WHAT THE TASK ASKS:
Every word of every entry must be retyped exactly.

▼

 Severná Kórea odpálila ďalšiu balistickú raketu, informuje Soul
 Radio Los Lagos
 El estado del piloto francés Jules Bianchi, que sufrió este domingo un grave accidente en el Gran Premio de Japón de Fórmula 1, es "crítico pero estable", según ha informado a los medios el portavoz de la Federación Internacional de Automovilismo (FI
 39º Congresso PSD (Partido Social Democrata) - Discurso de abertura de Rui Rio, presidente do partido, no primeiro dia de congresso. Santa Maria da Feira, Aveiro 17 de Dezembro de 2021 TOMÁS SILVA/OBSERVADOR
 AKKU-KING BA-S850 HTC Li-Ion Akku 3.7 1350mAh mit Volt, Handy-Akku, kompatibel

▲

EXERCISE SOLUTION:
 Severná Kórea odpálila ďalšiu balistickú raketu, informuje Soul
 Radio Los Lagos
 El estado del piloto francés Jules Bianchi, que sufrió este domingo un grave accidente en el Gran Premio de Japón de Fórmula 1, es "crítico pero estable", según ha informado a los medios el portavoz de la Federación Internacional de Automovilismo (FI
 39º Congresso PSD (Partido Social Democrata) - Discurso de abertura de Rui Rio, presidente do partido, no primeiro dia de congresso. Santa Maria da Feira, Aveiro 17 de Dezembro de 2021 TOMÁS SILVA/OBSERVADOR
 AKKU-KING BA-S850 HTC Li-Ion Akku 3.7 1350mAh mit Volt, Handy-Akku, kompatibel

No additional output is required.